Atomic Habits is best for those looking to learn more about effective and long-lasting habit change. It’s also best for those who are interested in psychology, long-term success, and environmental influences on behavior.
Difficulty to digest:
Atomic Habits is fairly easy to digest. Everyone should be able to get the core concepts from a single read-through.
Key Insights of Atomic Habits:
Atomic Habits by James Clear is a focused, straightforward, and knowledgeable exploration of habits. While the primary thrust is habit change, Clear also touches on related concepts like identity, success, skill mastery, and accountability. He focuses more on beginners but includes concepts the vast majority of individuals are likely to find useful, regardless of their baseline. As a bonus, each section contains nice summaries.
Atomic Habits starts by making a case for habit development. In essence, the idea is that the benefits or detriments of habits follow a compounding scale. Simply improving a small amount each day, slightly altering habits with 1% improvements yields massive returns over time. We may not see results right away, or even quickly, but the end result will be completely altered by our daily trajectory.

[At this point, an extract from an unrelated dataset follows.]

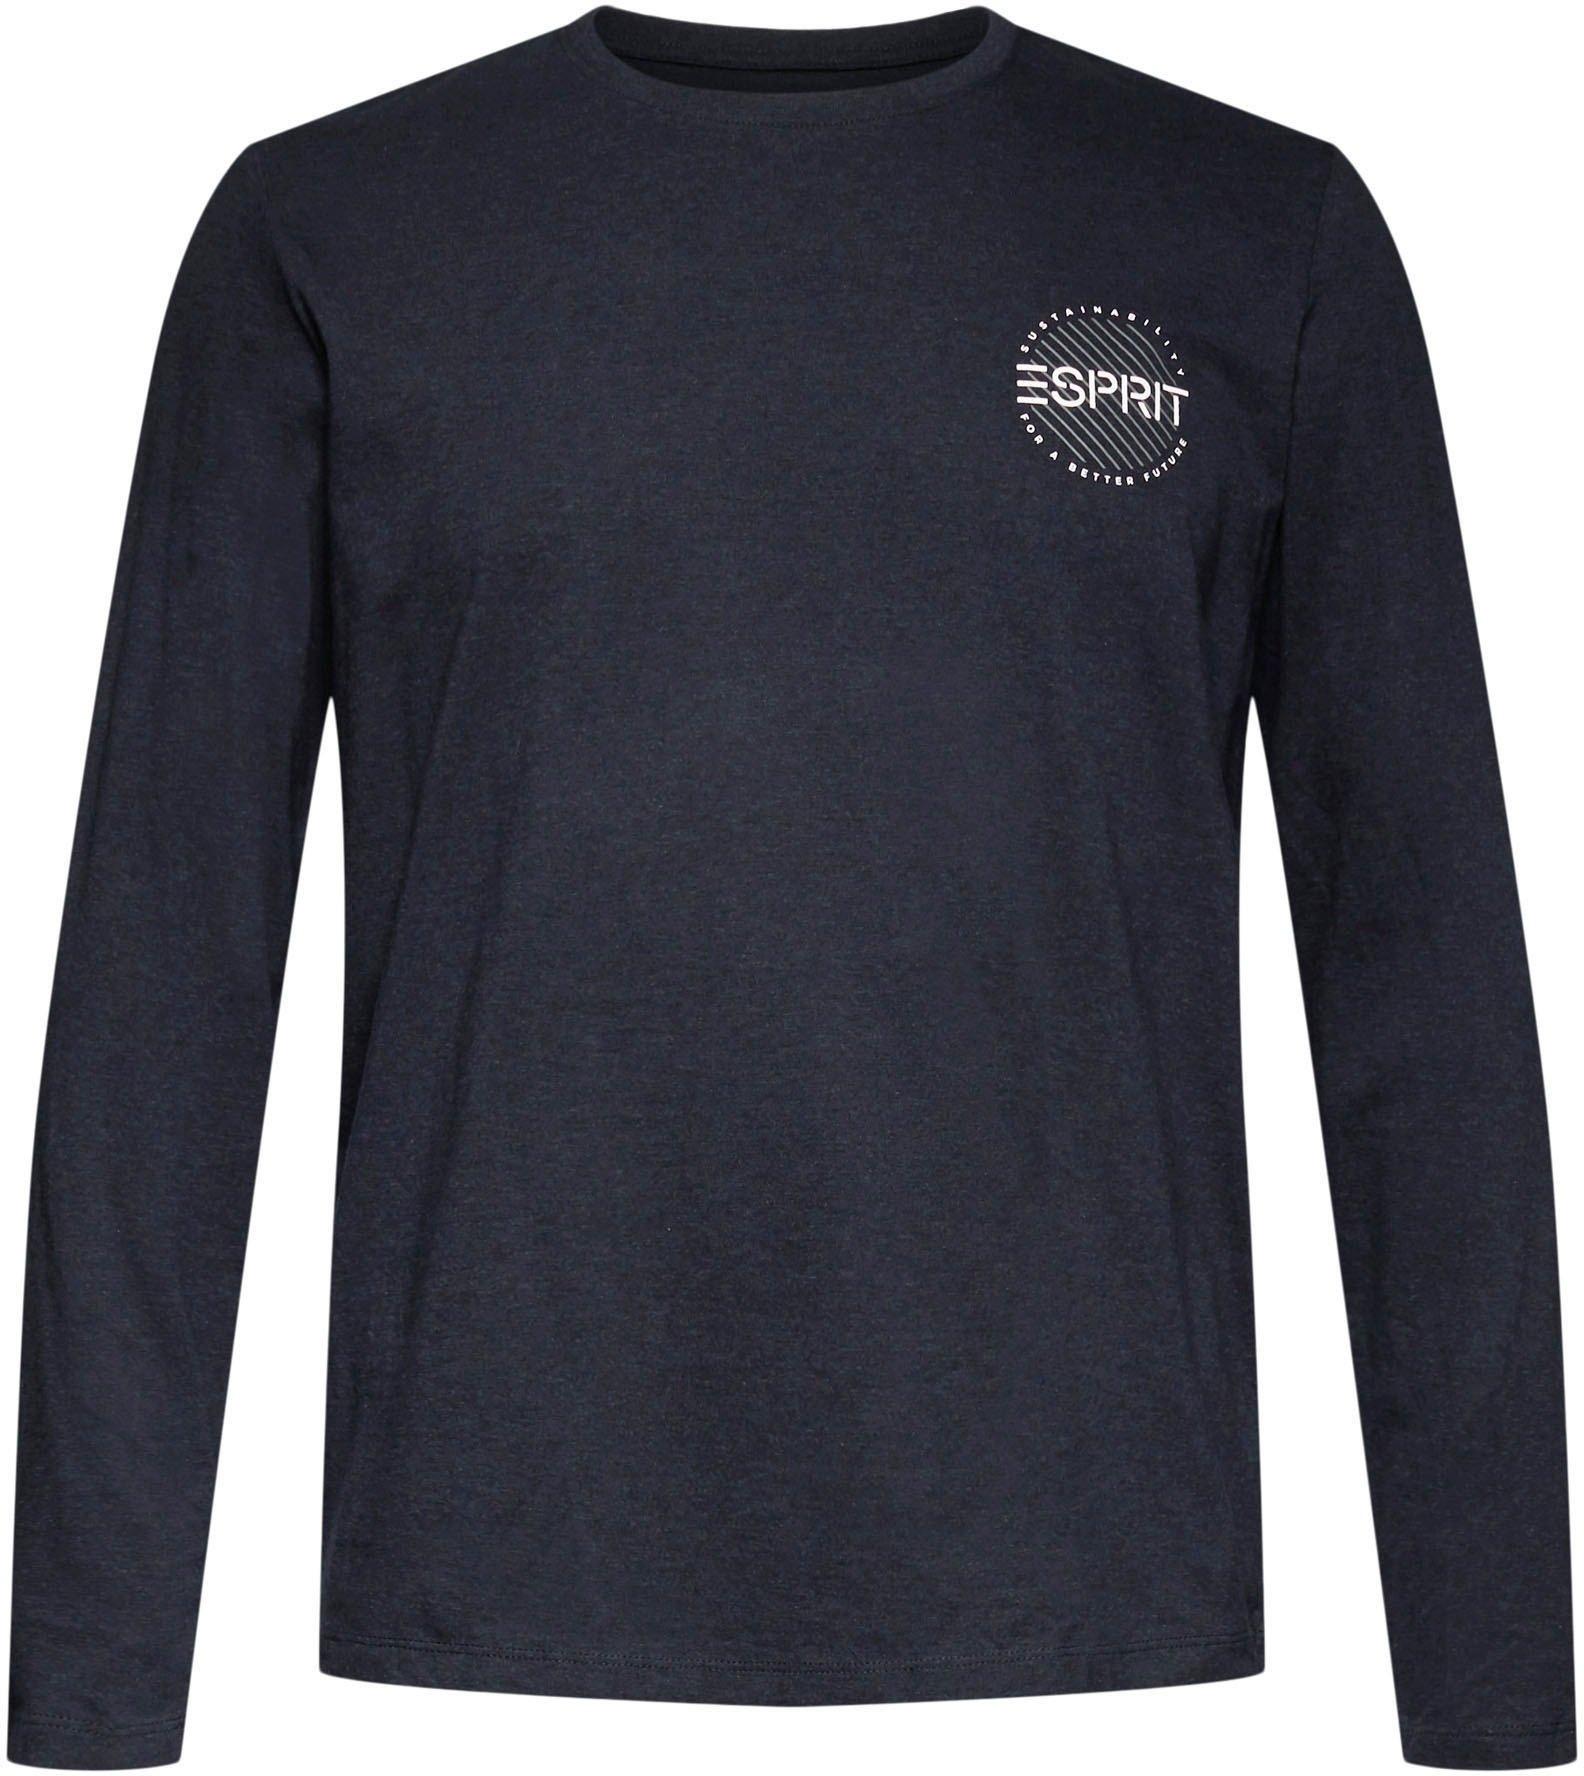 ESPRIT shirt met lange mouwen nu online bestellen

To start this, however, we must become aware of our habits. Habits are, by their very definition, parts of our life generally on autopilot. Clear advocates doing an audit of your daily life to see what actions you’re taking and how effective they are. Then you can decide which ones to keep and which ones to remote.
Habit Change & Identity
The book also covers how habit change works in tandem with identity. Each action is essentially a vote for the type of person you’d like to become. When you set an identity and take action, you create evidence proving you’re that type of person. This can become self-fulfilling as both the habits and the identity reinforce one another.
Afterward, the majority of the book focuses on habit change. Clear outlines the process which builds habits; cue, craving, response, reward. In essence, certain stimuli create desire – when acting on these desires provides a reward of some sort, habits form. Frequency is more important than duration here. By acting on each piece of this formula, we can control the habit change process and shape our behaviors more closely to our desires.
Atomic Habits then outlines parallel actions we can take; make it obvious, make it easy, make it attractive, make it satisfying. By taking these actions (or their opposites) we can reinforce particular behaviors. Through the book, Clear touches on specific ways we can take these actions such as shaping our environment, putting ourselves in (or creating) the right culture, and working with our genetic predispositions.
A number of other examples and tactics are shared as well. For example, temptation bundling or combining a more desirable activity with a less desirable one. This way you can get the satisfaction of the pleasurable activity while ensuring you complete the other one as well.
Final Opinion on Atomic Habits:
Atomic Habits is a powerful guide for understanding habit change. Clear approaches habit change from a number of different angles and holistically as well. Whether you’re a beginner or more advanced, you’re likely to find some useful information. It is a recommended read.
The very end of the book is something of a departure from the rest of the book. It feels far less polished and like a place where every other idea that didn’t fit the book ended up. While Atomic Habits as a whole feels really polished, you may want to skip the end where there’s a bunch of very loosely related bullet points.
- What habit are you working on developing right now?
- What identity or value does that habit feed?
- How can you make it more obvious, easier, more attractive, or more satisfying?